As I can't foster, I'd like to help with rescue transport if needed. I'm in Lincoln, Nebraska, right on I-80. Who can I contact to be put on a list or something for the little fluffs who need a ride across the middle of nowhere?

Josie says: Yup, my mom is cool like that!


----------



## bonniesmom (Jun 2, 2008)

I don't know, Steph - maybe contact NCMR and ask them? Not too helpful, but I think it's great that you want to do this! :thumbsup:


----------



## elizabeth (Oct 31, 2008)

How generous of you!! WOW!! There seems to always be a need so i hope you get connected with someone who needs your wonderful help!!! :ThankYou: rayer:


----------



## 3Maltmom (May 23, 2005)

Oh, this is a peice of cake. I would fill out applications for several rescues. NMR, SCMR, AMA, SmallPaws, 
actually any small breed rescue. The application does need to be complete, as though you are fostering, but
there should be a section asking what you your are volunteering for. Say, Transport. I would attach my own
page, adding, "Will Transport from 'point A, to point B'. Also state the max miles you are willing to transport.

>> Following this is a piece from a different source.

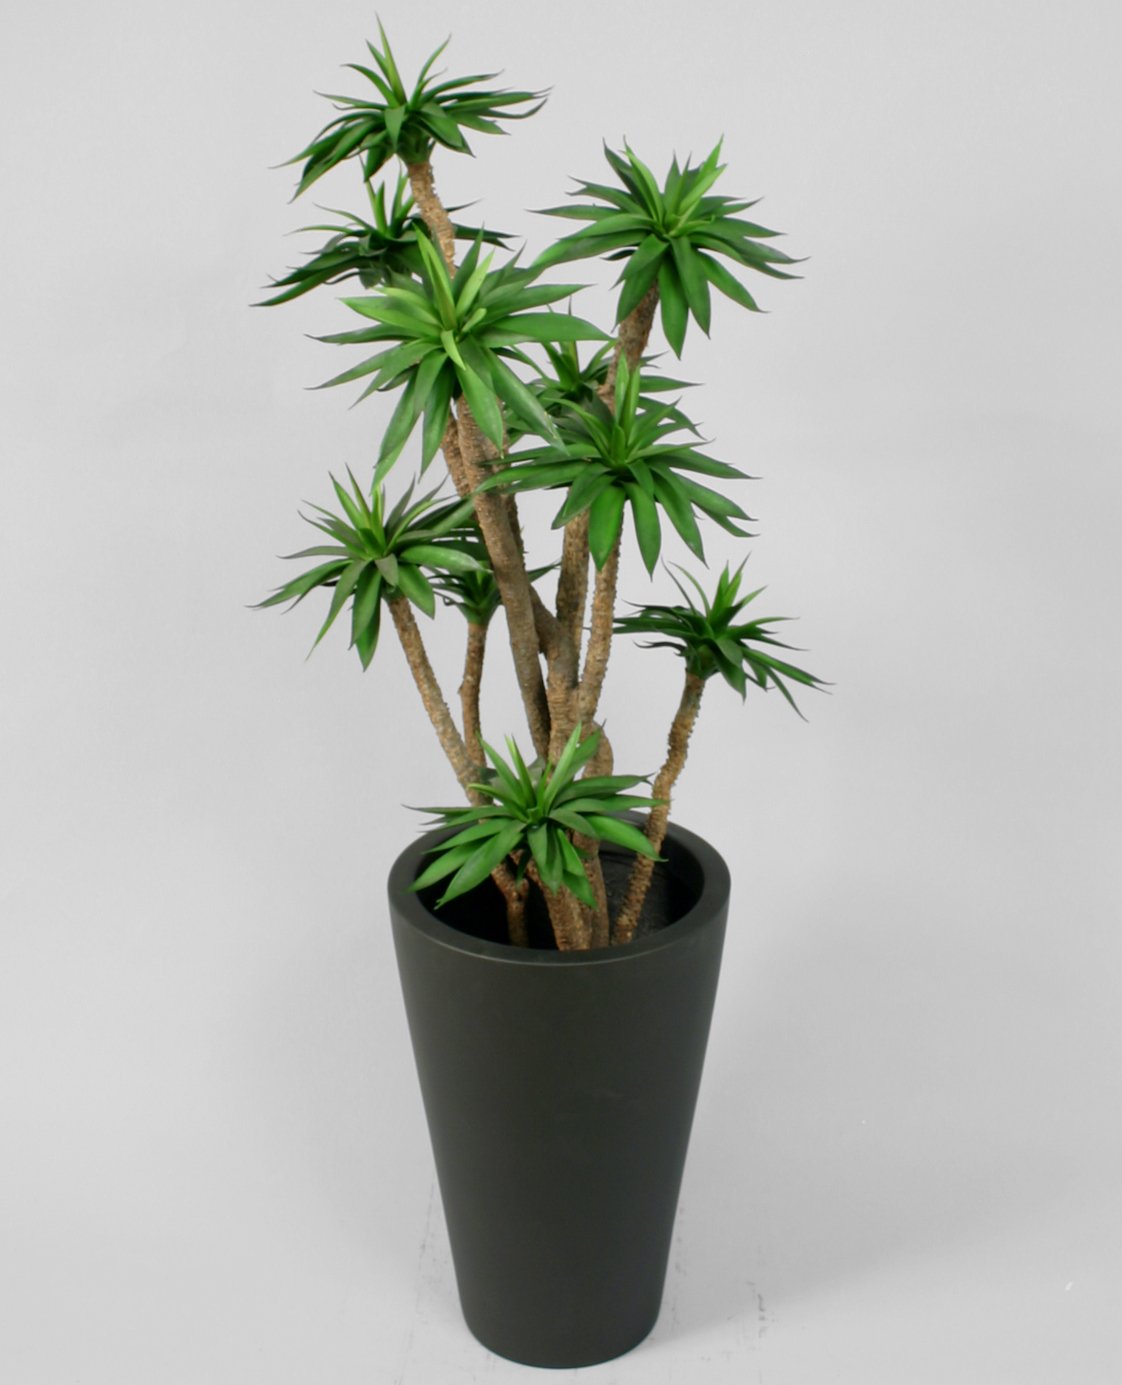 Kunstig agave plante - 100 cm - Kunstige træer - Green Trading ApS

The reason the app needs to be complete, is that many transports are well over 500-miles, and often the dog
will spend the night at one of the transporters, and they do need a "feel" of what's going on. As well as, trusting
the transporter with the little one for the trip. 

Bless your heart!!


----------



## Tanner's Mom (May 27, 2005)

Another transporter, that's wonderful. Do what Deb said, also you might want to go to Petfinders and look at the rescue groups in your area. I am on a national volunteer list called Dog Transport Volunteers, they transport all kindsa dogs, the biggest I ever did was a 120 pound bloodhound that took up the entire back of my SUV. Is Hearts United for Animals in Nebraska, might want to contact them and get on their volunteer list. I do appx one transport every 4-6 weeks, and they're all done on weekends. I am so excited for you.


----------



## luvmymacy (Mar 18, 2005)

That is great there is always a need to transport


----------



## cindy6755 (Mar 20, 2005)

QUOTE (3Maltmom @ Mar 7 2009, 12:05 AM) index.php?act=findpost&pid=740554


> Oh, this is a peice of cake. I would fill out applications for several rescues. NMR, SCMR, AMA, SmallPaws,
> actually any small breed rescue. The application does need to be complete, as though you are fostering, but
> there should be a section asking what you your are volunteering for. Say, Transport. I would attach my own
> page, adding, "Will Transport from 'point A, to point B'. Also state the max miles you are willing to transport.
> ...


 :goodpost: Do what Deb says and Thank you for wanting to help


----------